● **PROMPT**:
From the first line to the last, return the data exactly, with no pictures.

● **SUPPLIED DATA**:
- Opening Delimiter -

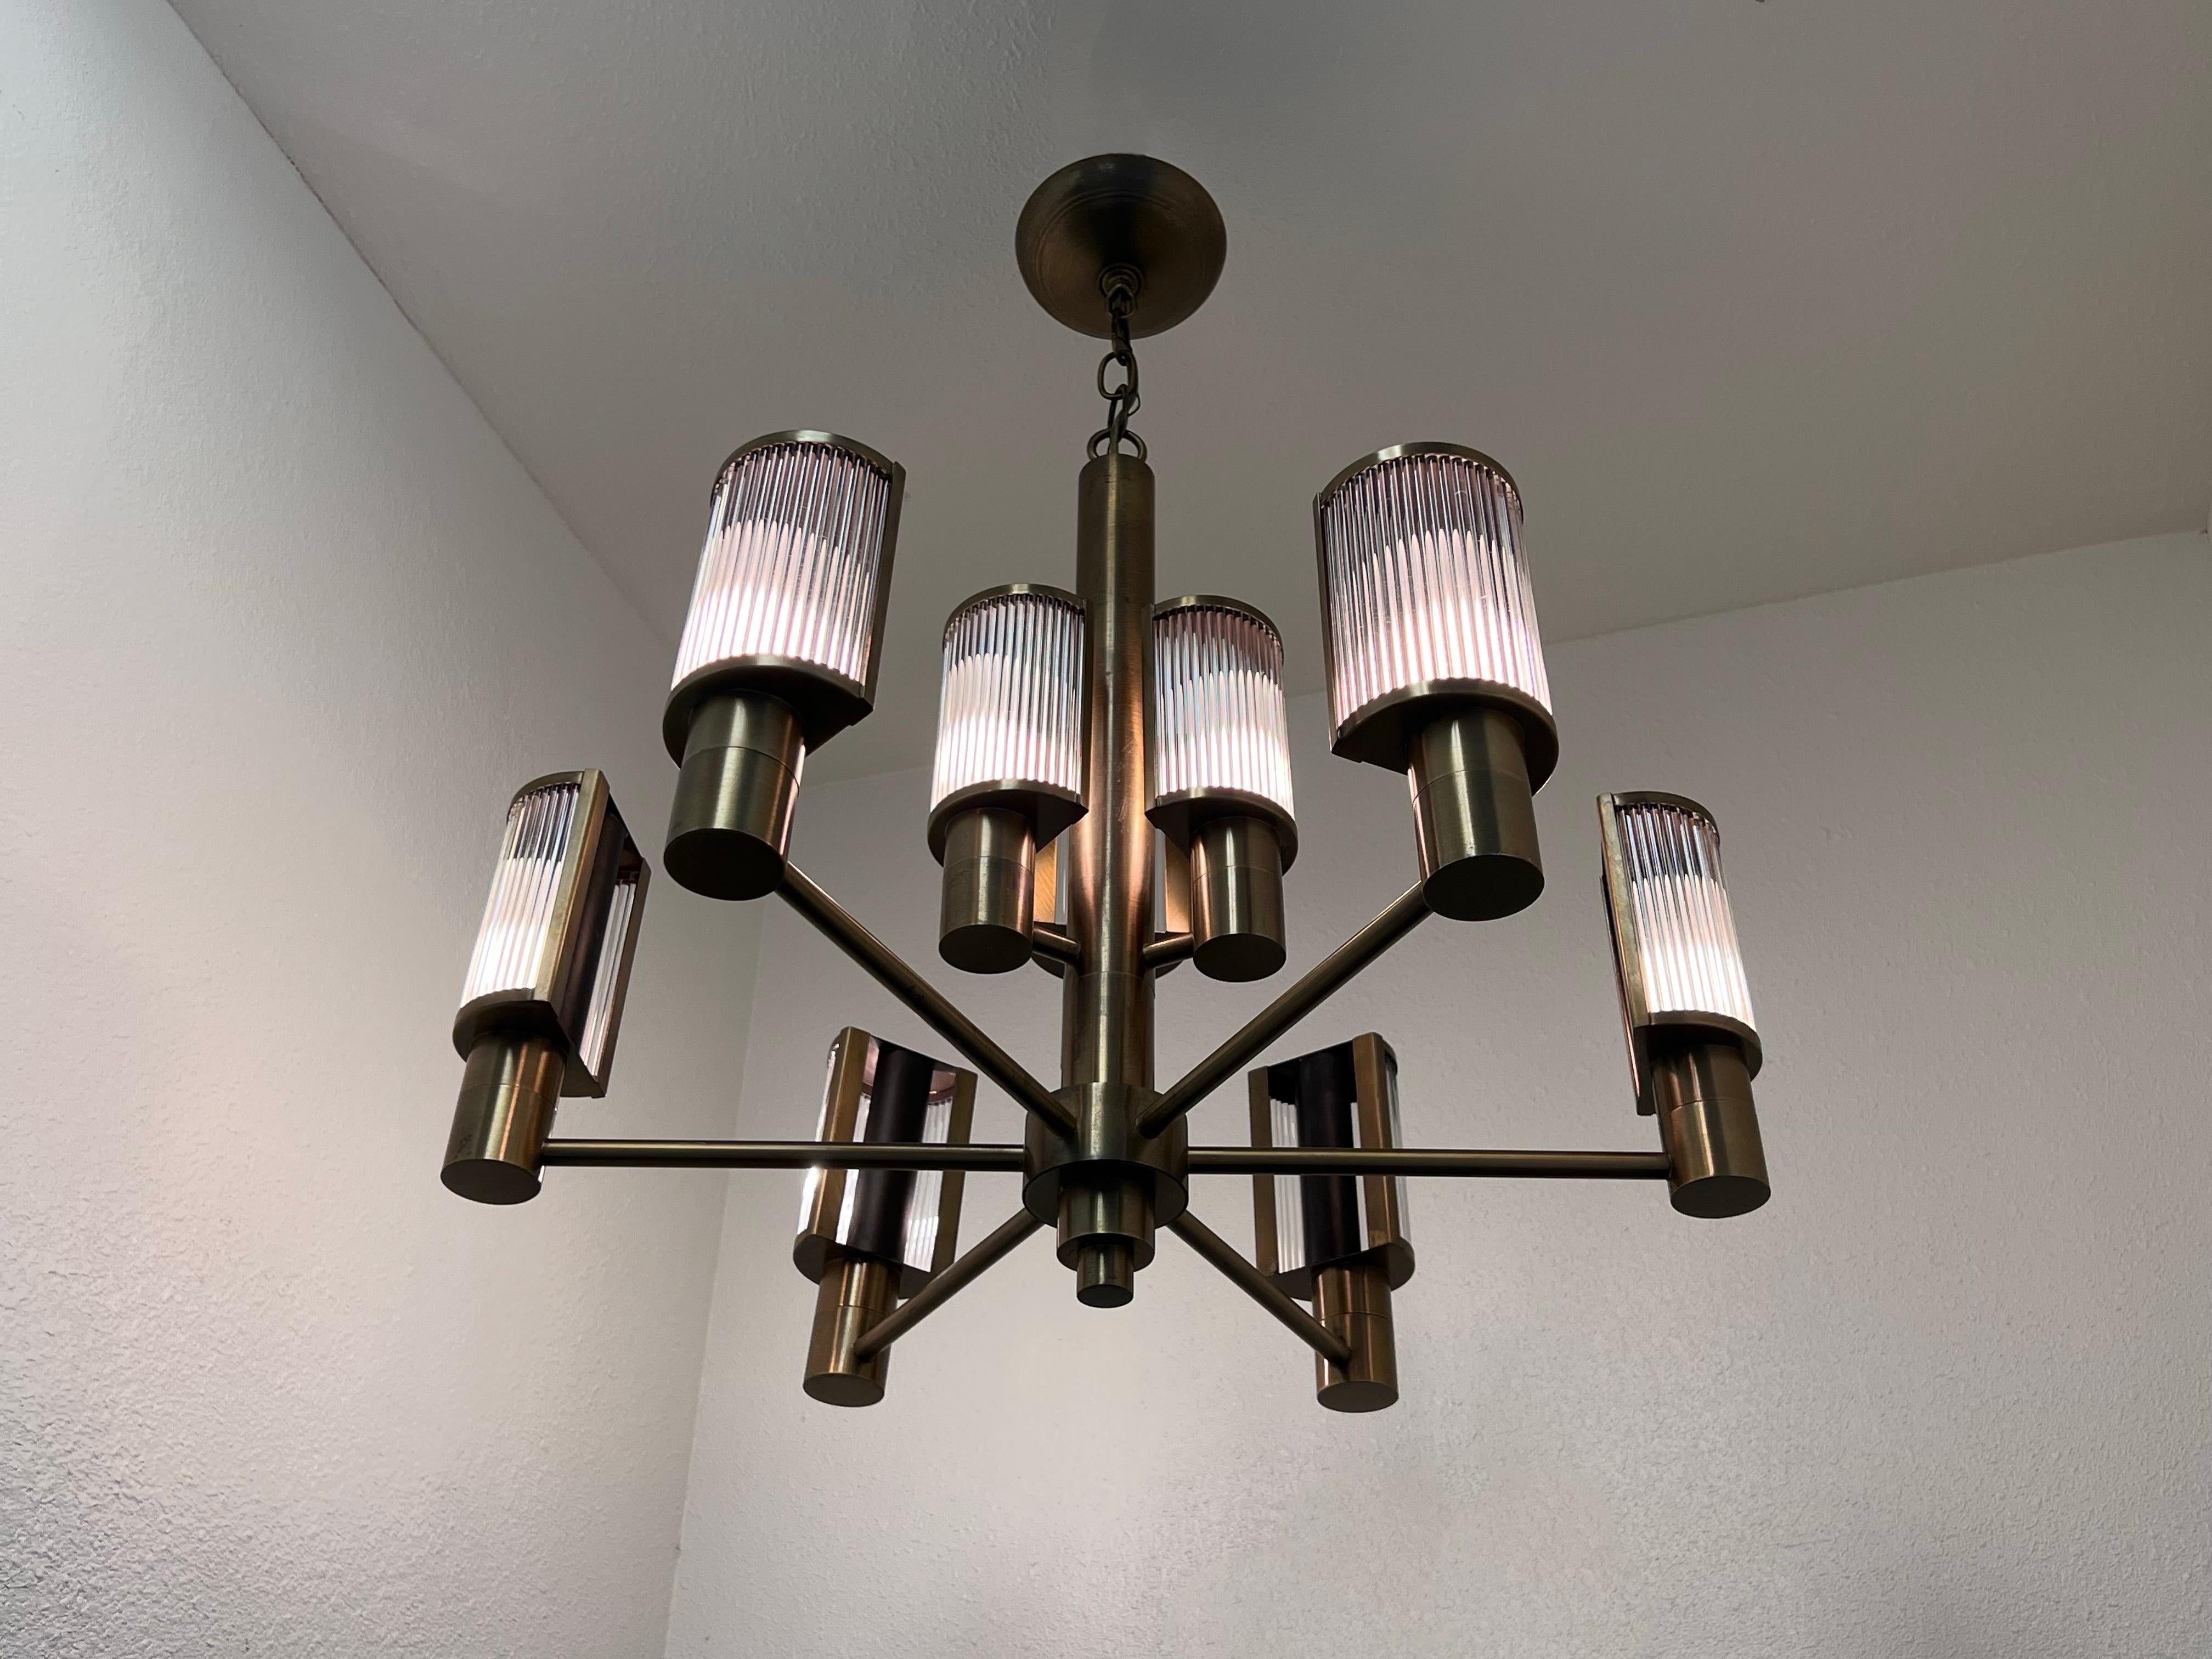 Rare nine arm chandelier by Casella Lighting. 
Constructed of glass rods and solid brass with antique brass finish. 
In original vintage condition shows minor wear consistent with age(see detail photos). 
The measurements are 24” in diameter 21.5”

- Closing Delimiter -

● **RESULT FOR THIS TASK**:
 Rare nine arm chandelier by Casella Lighting. 
Constructed of glass rods and solid brass with antique brass finish. 
In original vintage condition shows minor wear consistent with age(see detail photos). 
The measurements are 24” in diameter 21.5”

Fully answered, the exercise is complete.